Agnes, blushing, said, “He’s not my sweetheart,” and I thought:
It’s true
.

“Oh, I know that,” said Matthew, who knew many ways to be cruel.

XII

THEY SAY THAT ANIMALS DO NOT COMPREHEND
the inevitability of death. One felt that keenly around the creatures who fed in happy ignorance of their fate, as the season of their killing and butchering approached. There were to be several slaughters, accompanied by feasting and drinking, on one farm and then another in our part of the country, and there was a holiday atmosphere, there was something pagan in the air, as the first of these occasions approached, and blades were sharpened, ropes mended, barrels and buckets scrubbed, and trips made into
town for salt and whiskey. On the day appointed for the slaughter on my uncle’s farm, two families arrived soon after dawn. Jeptha’s family came after we had already started. I knew I would be mocked for turning away, so I stood where I could see everything, as the first struggling victim was manhandled to a spot beneath the old maple, and as the pig was struck between the ears with the blunt end of an ax, and struck again when the first blow proved ineffectual, and provoked into a last sad kick as a long knife penetrated its heart, at which point I sighed, sorry for the pig. Hearing a derisive snort, I glanced quickly around; Jeptha’s mother was regarding me coldly. When I looked back, a stick was being thrust through the hind legs. A rope was thrown over a stout limb, men pulled the rope, the carcass ascended, its brethren squealed with human horror, Agatha moved a bucket to catch the blood, Elihu slit the throat. After a posthumous shave in the iron kettle, the hog rose again, and everyone crowded in for the disembowelment. Lewis asked me if the steam that issued from the carcass then was the soul, and I said yes; it seemed obvious.

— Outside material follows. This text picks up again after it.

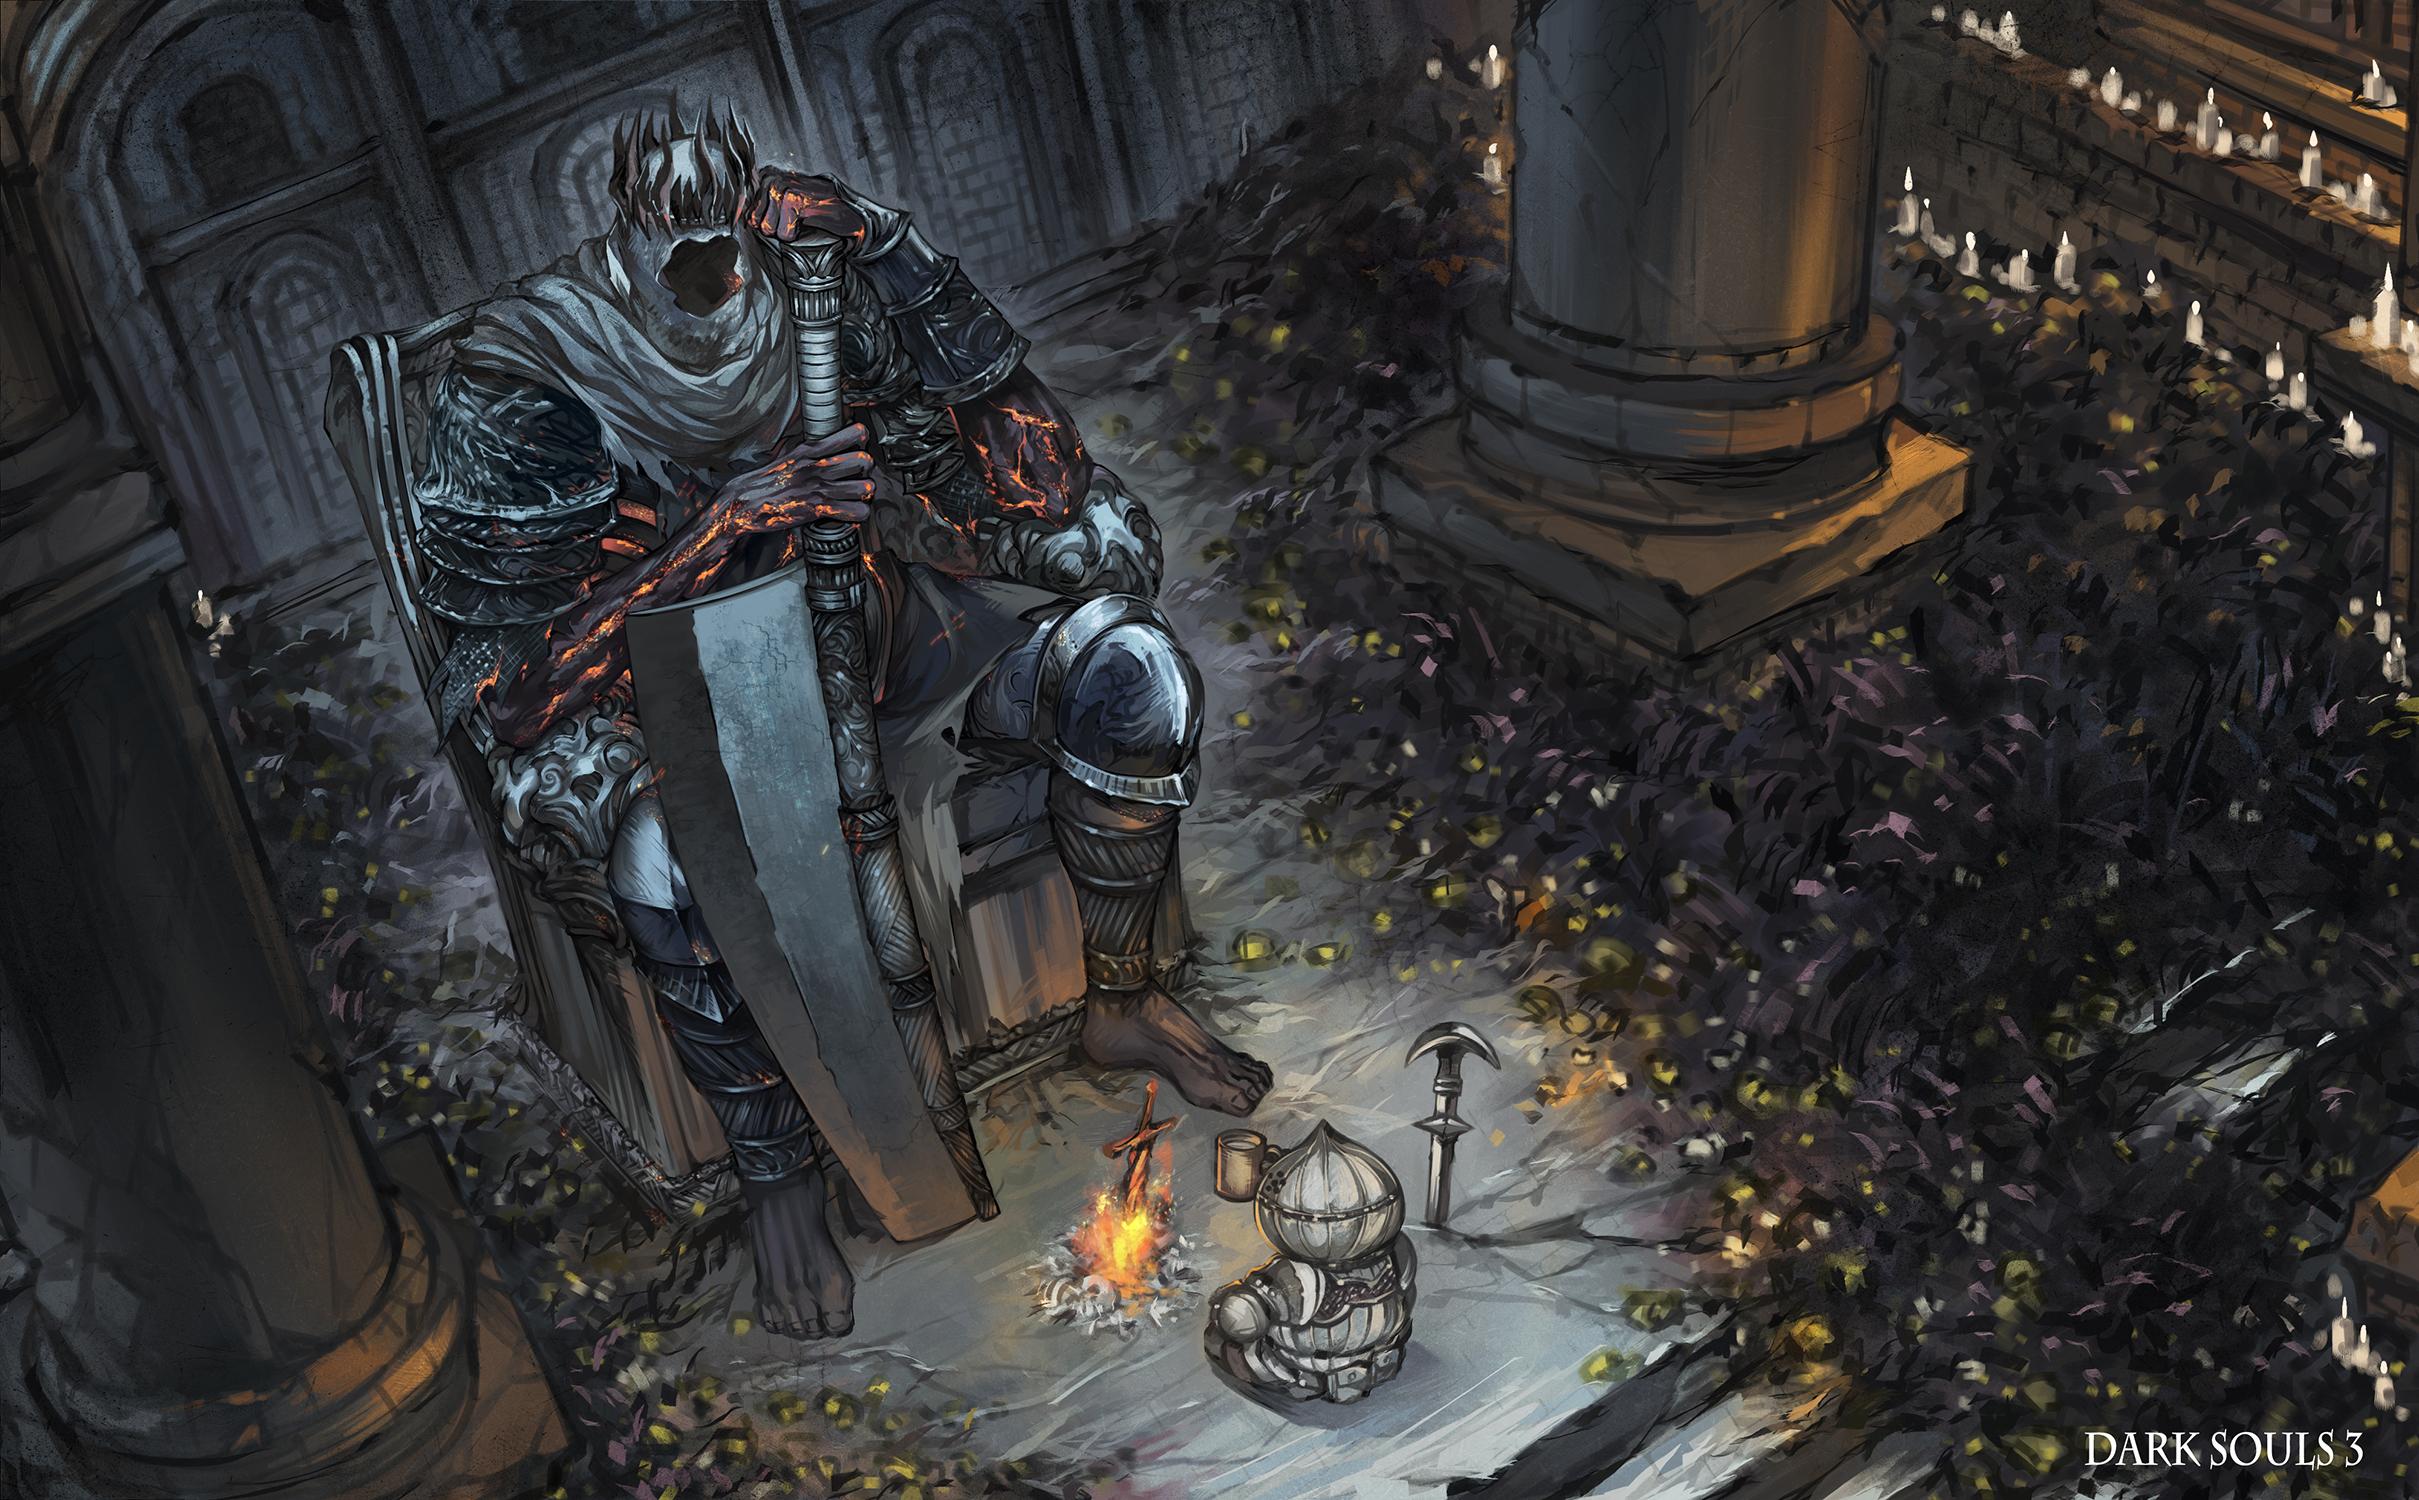 Dark Souls 3 Hd Wallpaper Posted By John Thompson

My aunt handed Lewis a stick and told him to chase the dogs away until they could be distracted with the lungs, which were their portion. Later, when the feast began, she said that he had done well, and as a reward gave him his choice of certain fatty tidbits children crave. I coaxed him to try these delicacies, and he did, but as usual he barely ate. I told him that this was a rare occasion and he should take advantage of it. I said that at night, when I hugged him, I could feel his ribs. I said that if he did not start eating more he would stop growing and the other boys would beat him up; that he would get consumption and die. I told him things like that all the time.

He had not regained his appetite since the moment he heard of our father’s suicide. The news had no other observable effect on him. He did not sulk or brood; he seemed to like the farm; he made pets of wild creatures; he tagged along behind Matthew and Titus whenever they’d let him. He was usually cheerful a half-hour after a punishment. He did not talk about New York or Mama or Papa. He ate barely enough to keep himself alive.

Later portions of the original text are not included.